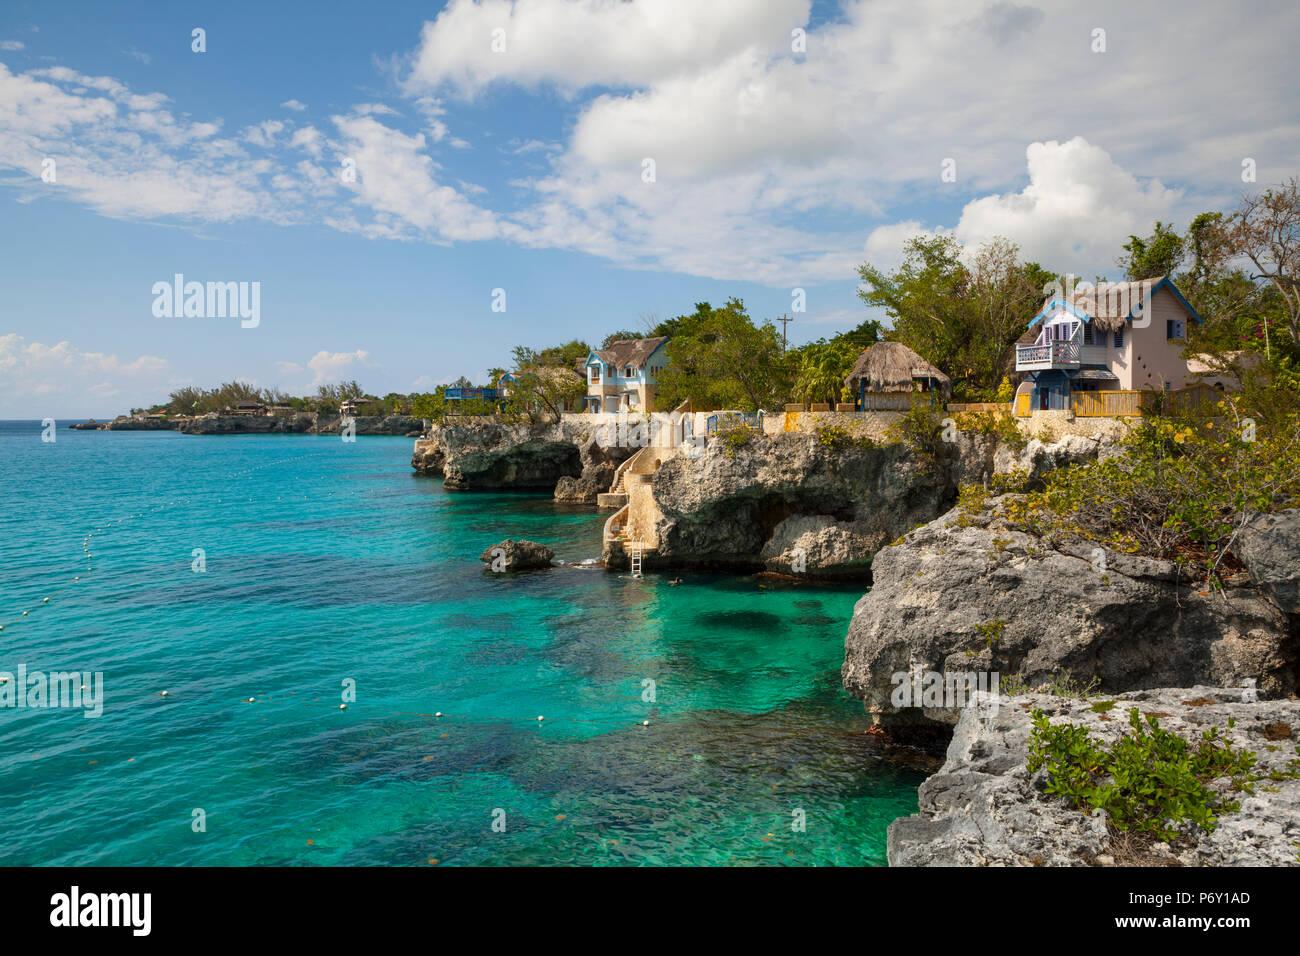 El idílico West End, Negril, Westmoreland, Jamaica Imagen De Stock
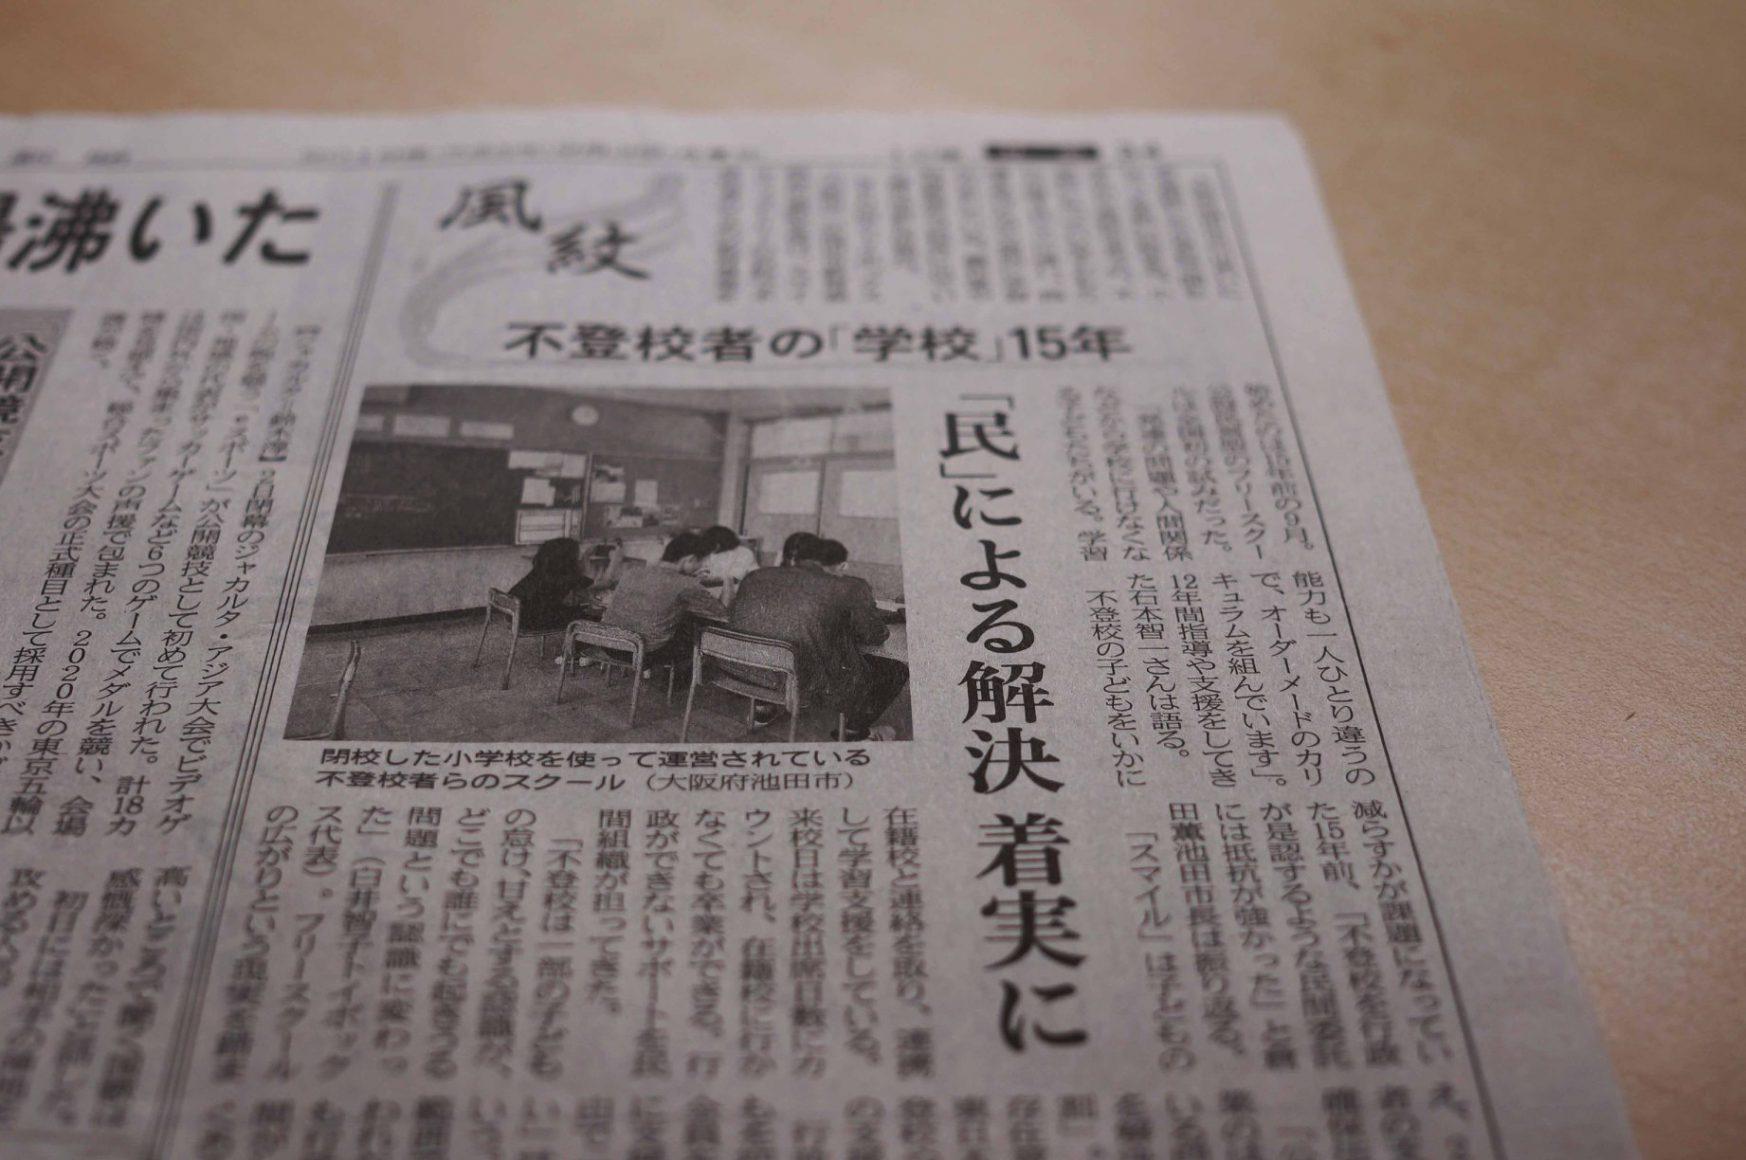 日本経済新聞コラム「風紋」にスマイルファクトリーを取り上げていただきました
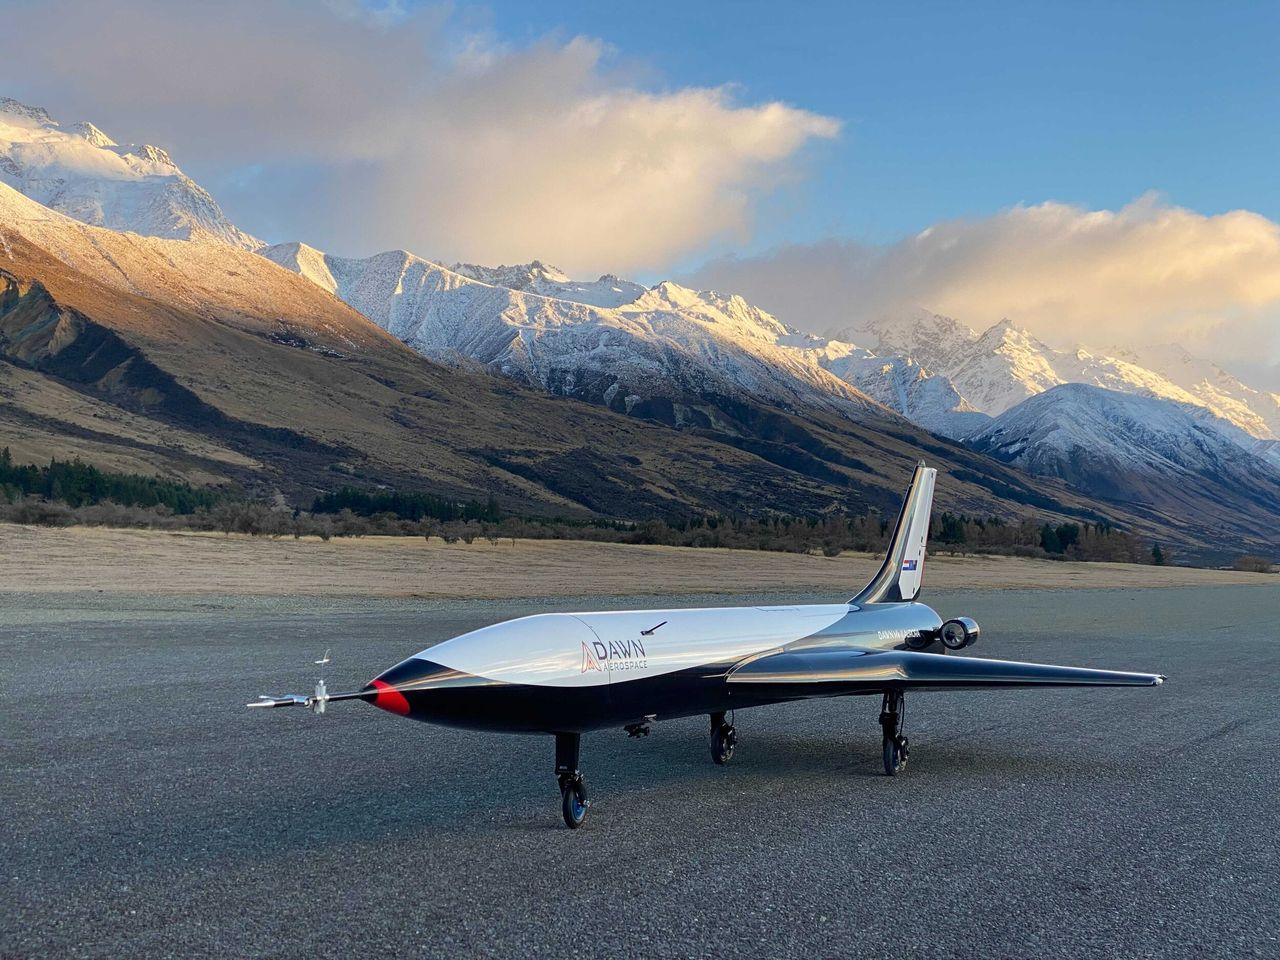 Dawn Aerospace har testat sitt rymdflygplan Aurora
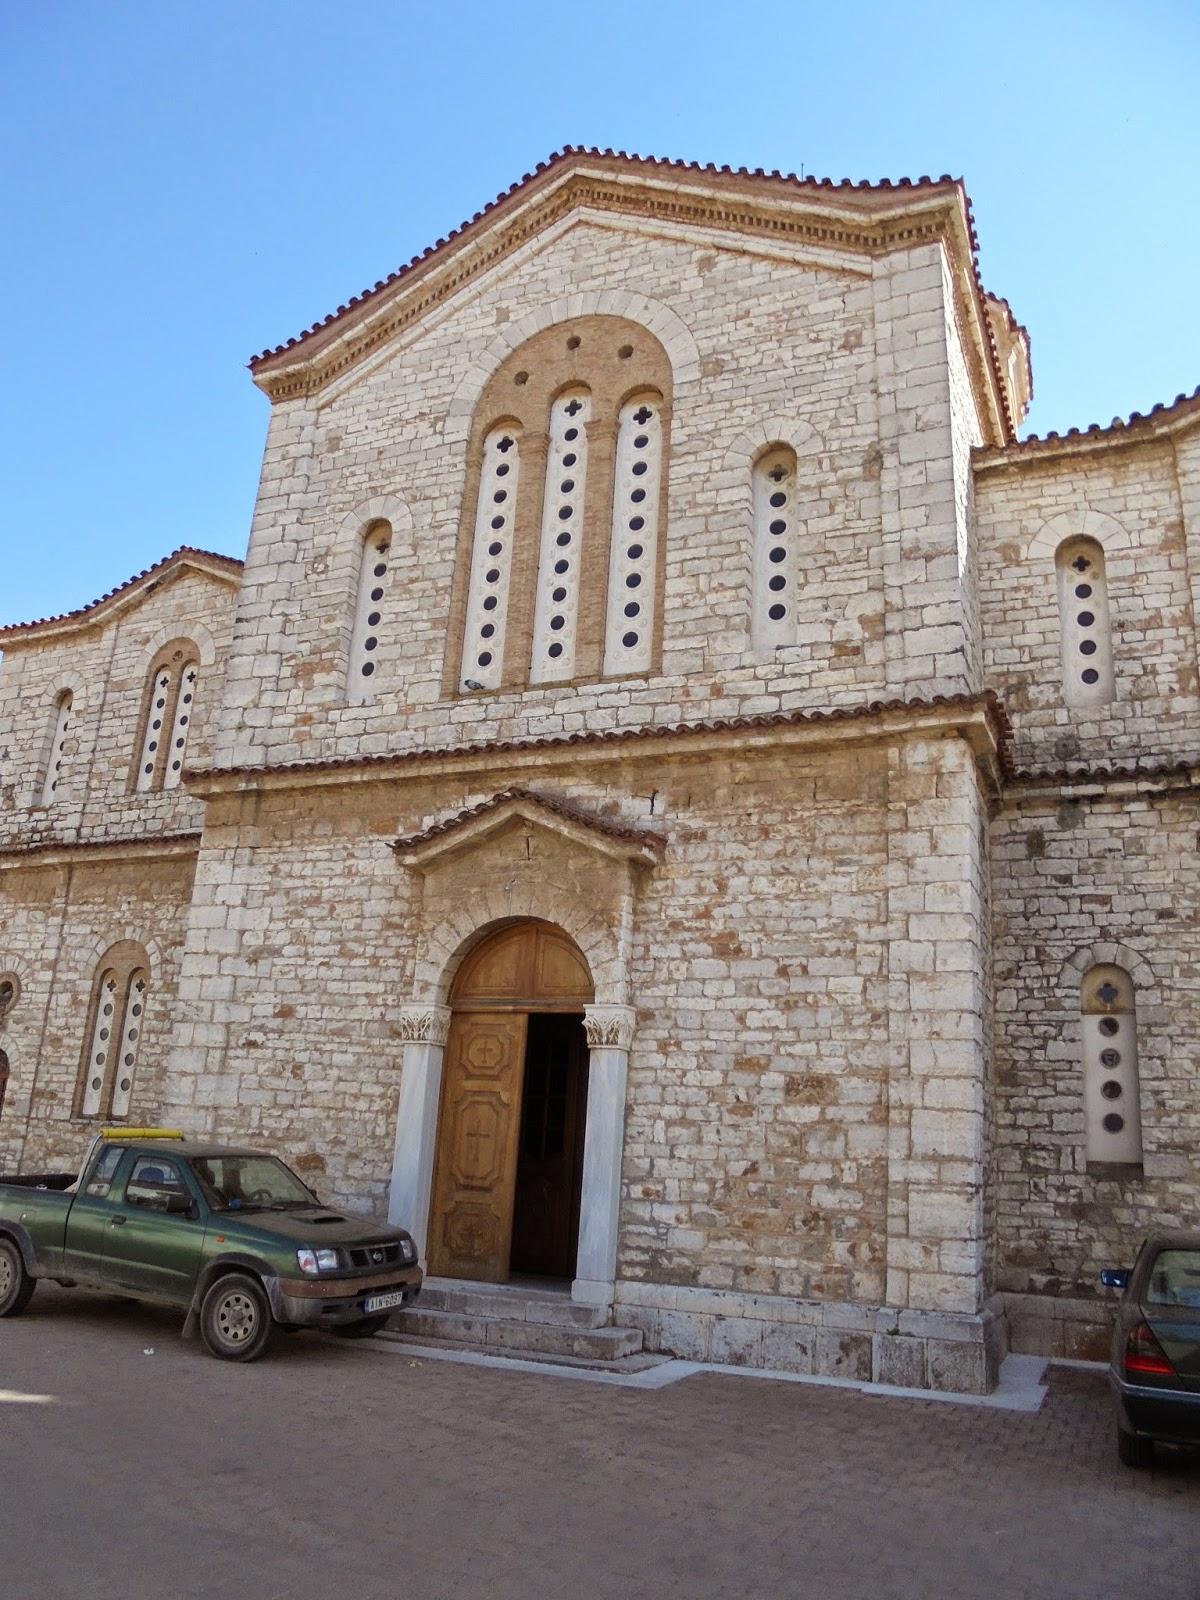 ο ναός του αγίου Σπυρίδωνα στο Μεσολόγγι

Prompt ::
Set aside the pictures. Then return every line of the material above verbatim.

Answer box ::
 El idílico West End, Negril, Westmoreland, Jamaica Imagen De Stock
 日本経済新聞コラム「風紋」にスマイルファクトリーを取り上げていただきました
 Dawn Aerospace har testat sitt rymdflygplan Aurora
 ο ναός του αγίου Σπυρίδωνα στο Μεσολόγγι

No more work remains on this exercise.